[SOURCE DATA]

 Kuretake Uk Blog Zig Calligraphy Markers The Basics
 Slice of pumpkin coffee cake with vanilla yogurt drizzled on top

---

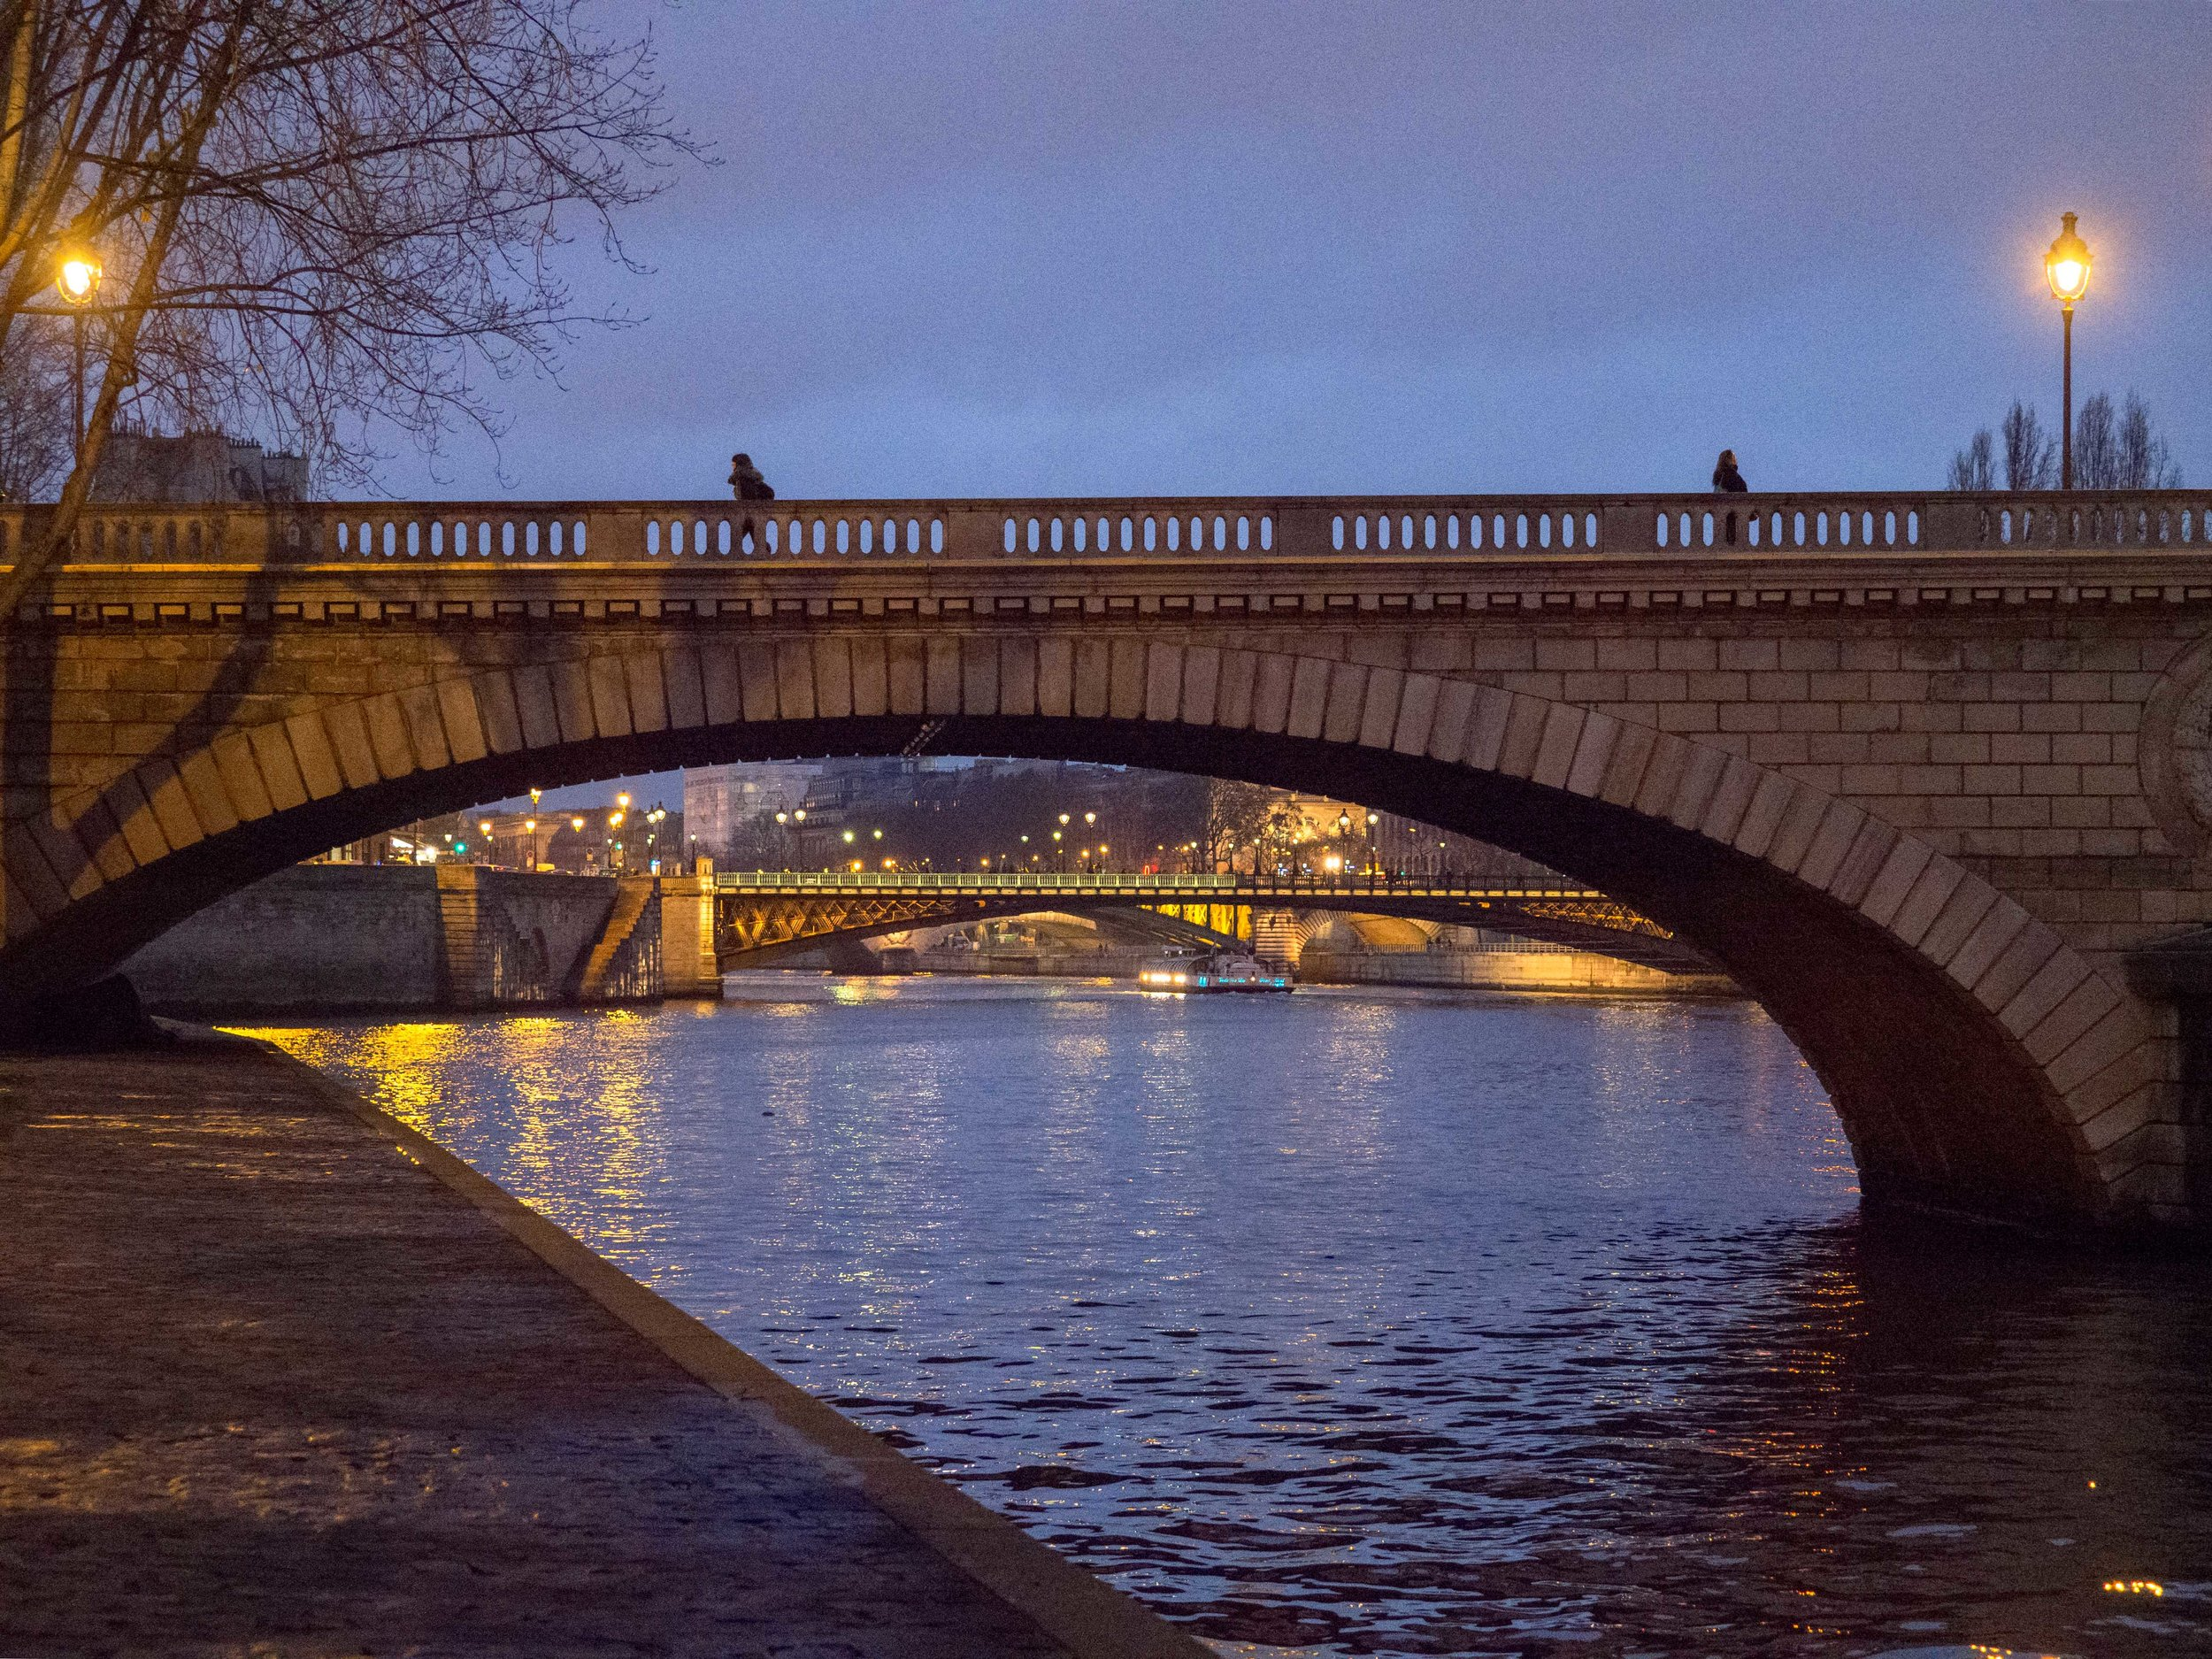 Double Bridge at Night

---

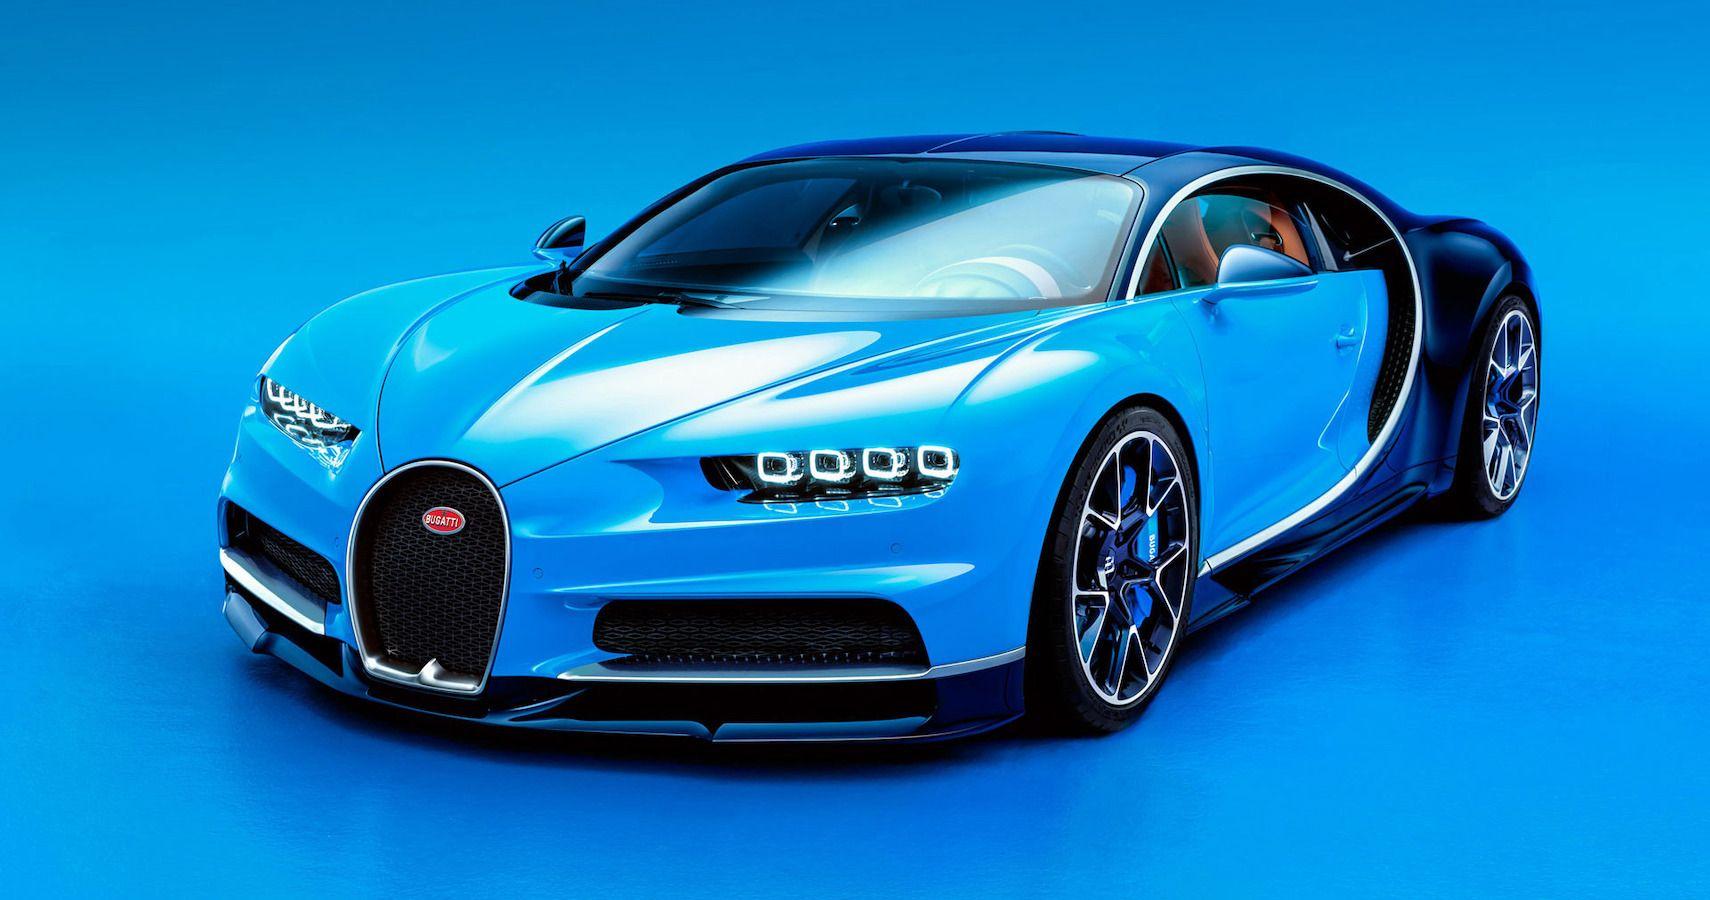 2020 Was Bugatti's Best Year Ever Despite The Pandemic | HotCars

[WHAT THE EXERCISE ASKS] Could you repeat exactly the lines above from the line with "Kuretake Uk Blog" up to and including the line with "Slice of pumpkin", and only those?

[RESPONSE AREA]
 Kuretake Uk Blog Zig Calligraphy Markers The Basics
 Slice of pumpkin coffee cake with vanilla yogurt drizzled on top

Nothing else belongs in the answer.